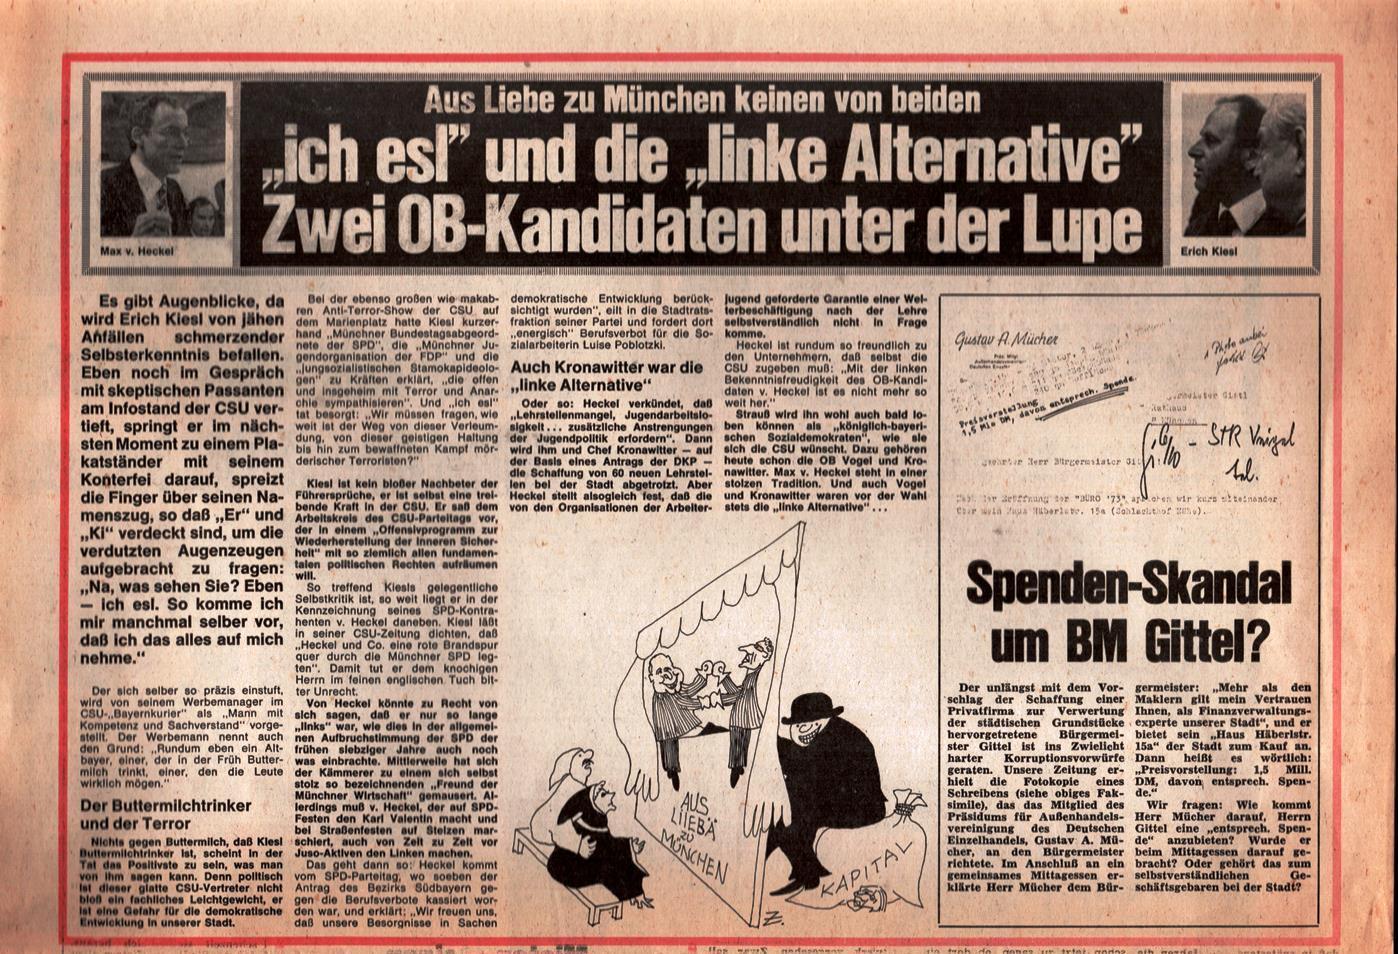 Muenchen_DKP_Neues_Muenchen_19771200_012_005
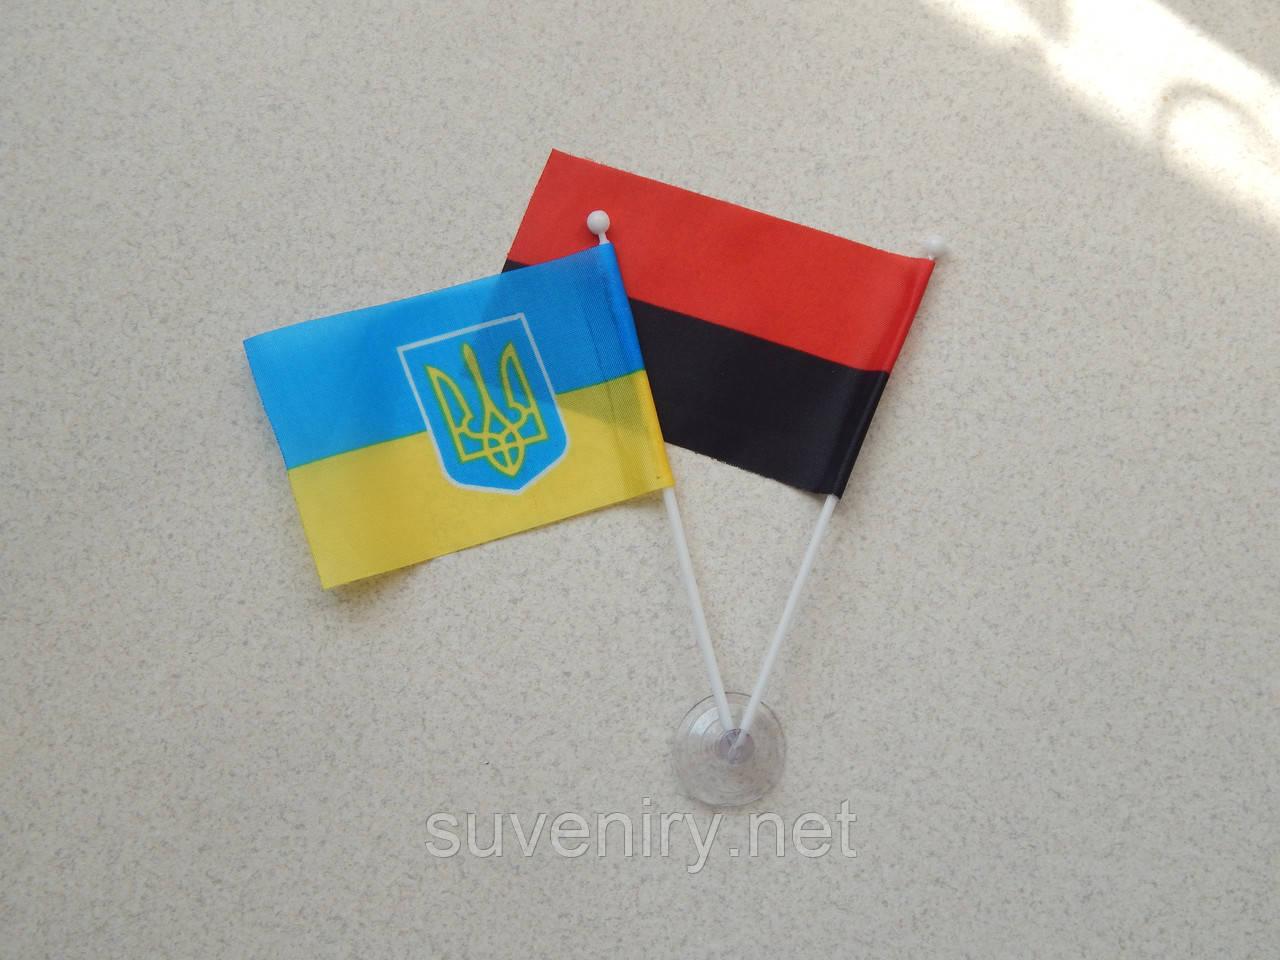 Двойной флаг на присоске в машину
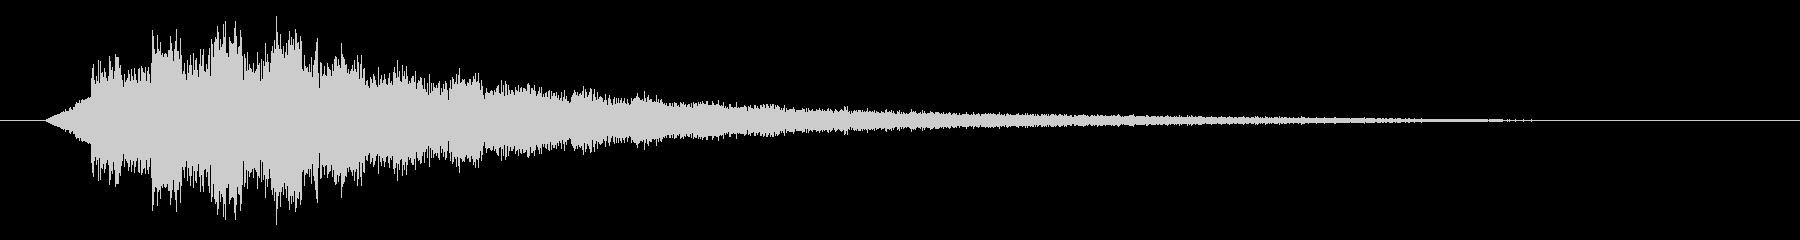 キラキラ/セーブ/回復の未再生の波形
= = = = = = =
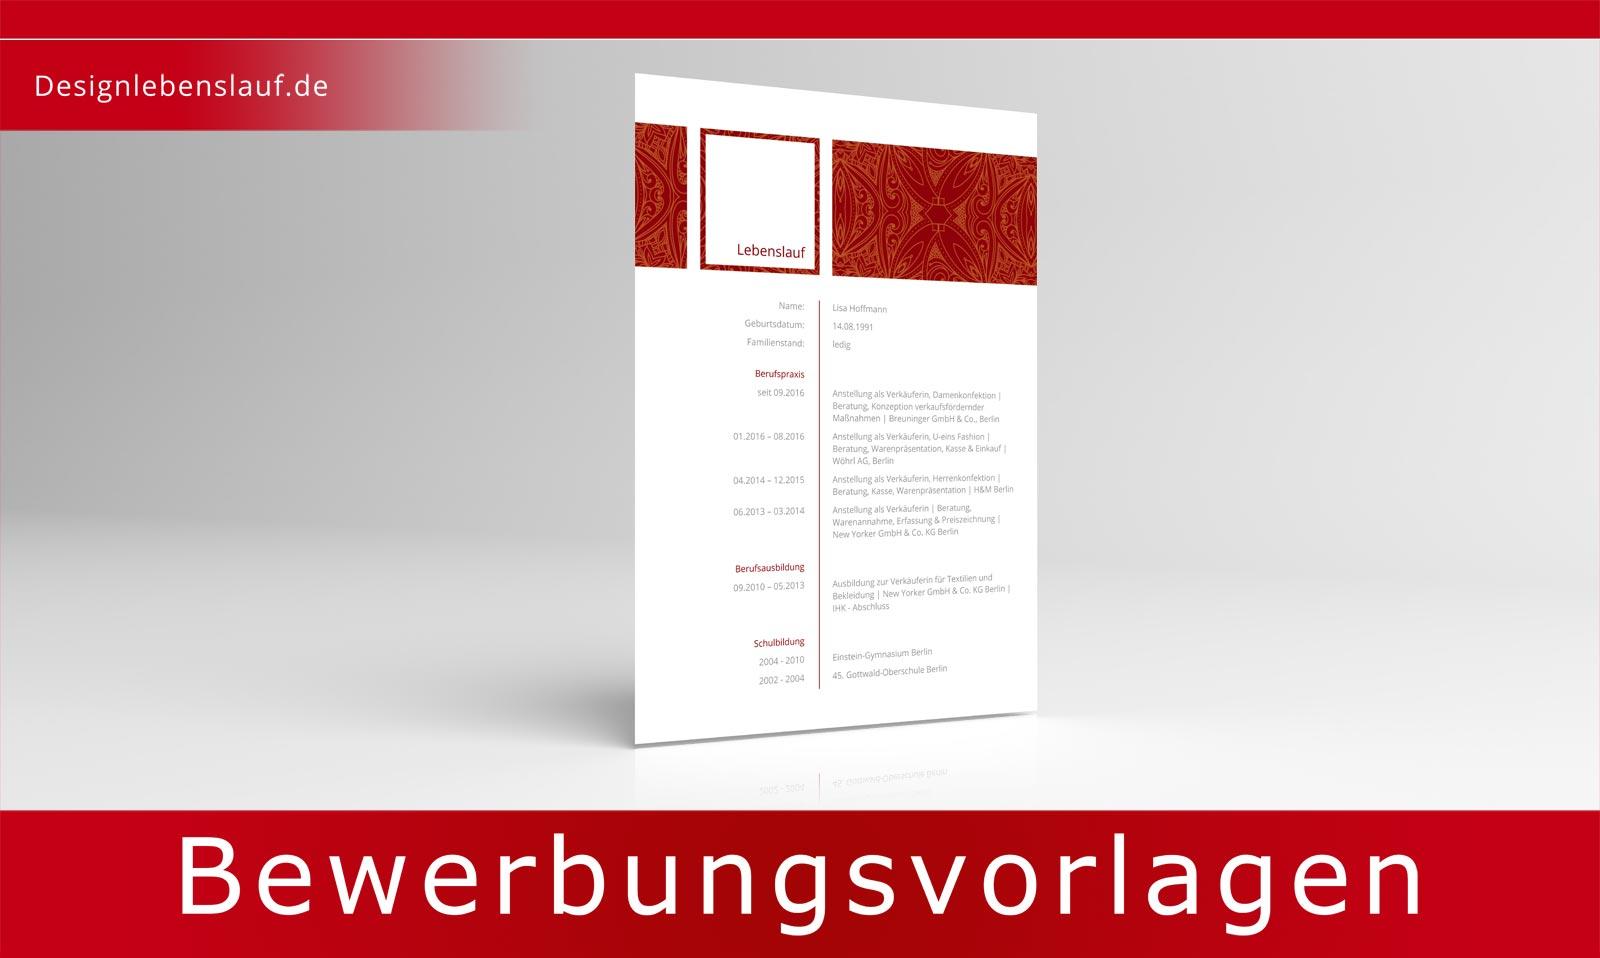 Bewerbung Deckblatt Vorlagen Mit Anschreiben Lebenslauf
= = = = = = =
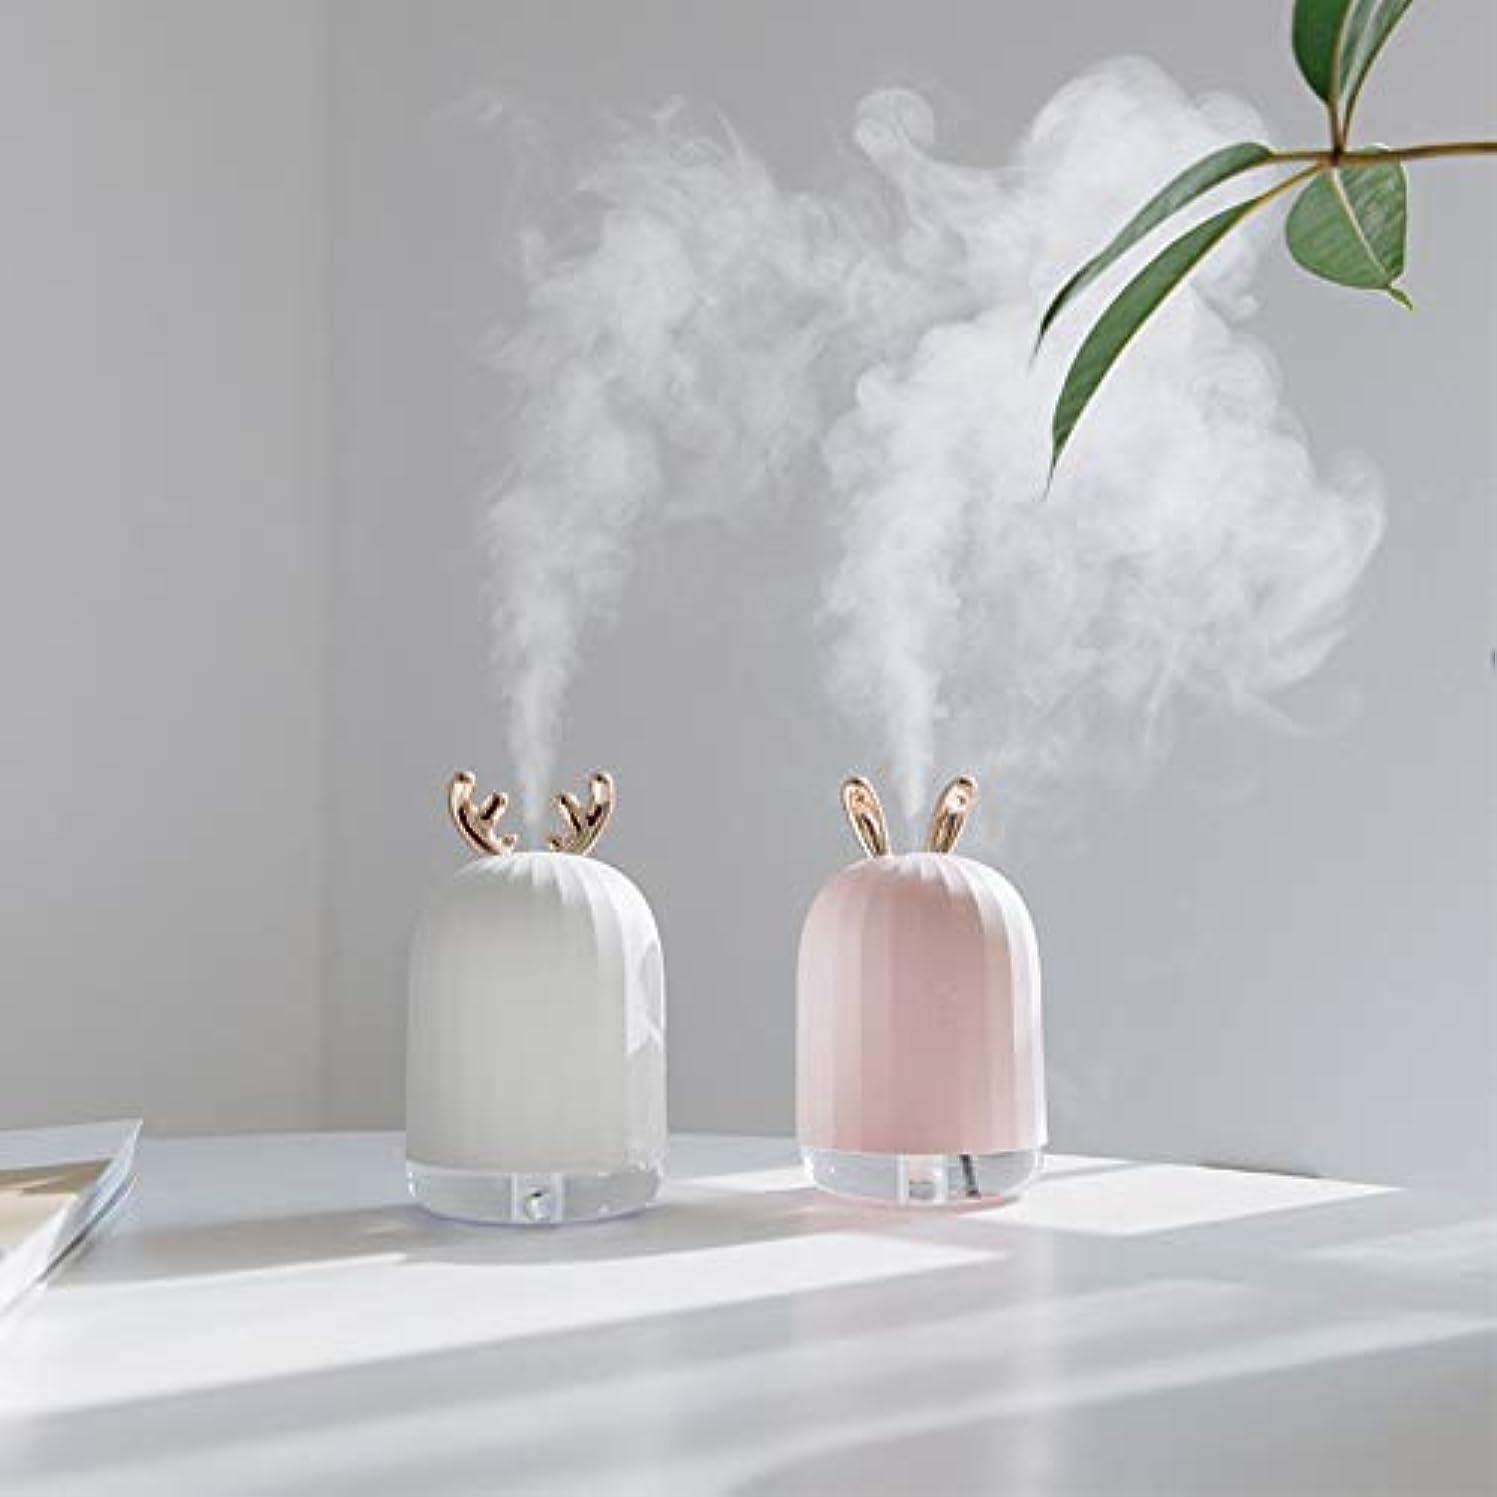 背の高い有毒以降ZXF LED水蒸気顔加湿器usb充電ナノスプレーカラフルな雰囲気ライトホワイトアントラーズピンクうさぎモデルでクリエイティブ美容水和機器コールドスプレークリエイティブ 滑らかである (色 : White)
= = = = = = =
* _What needs to be done_
Look above for the line with "Muenchen_DKP_Neues_Muenchen_19771200_012_005" and the line with "キラキラ/セーブ/回復の未再生の波形", then copy exactly the lines from the first through the second, both kept, with no pictures.

* _Task response_
 Muenchen_DKP_Neues_Muenchen_19771200_012_005
 Двойной флаг на присоске в машину
 キラキラ/セーブ/回復の未再生の波形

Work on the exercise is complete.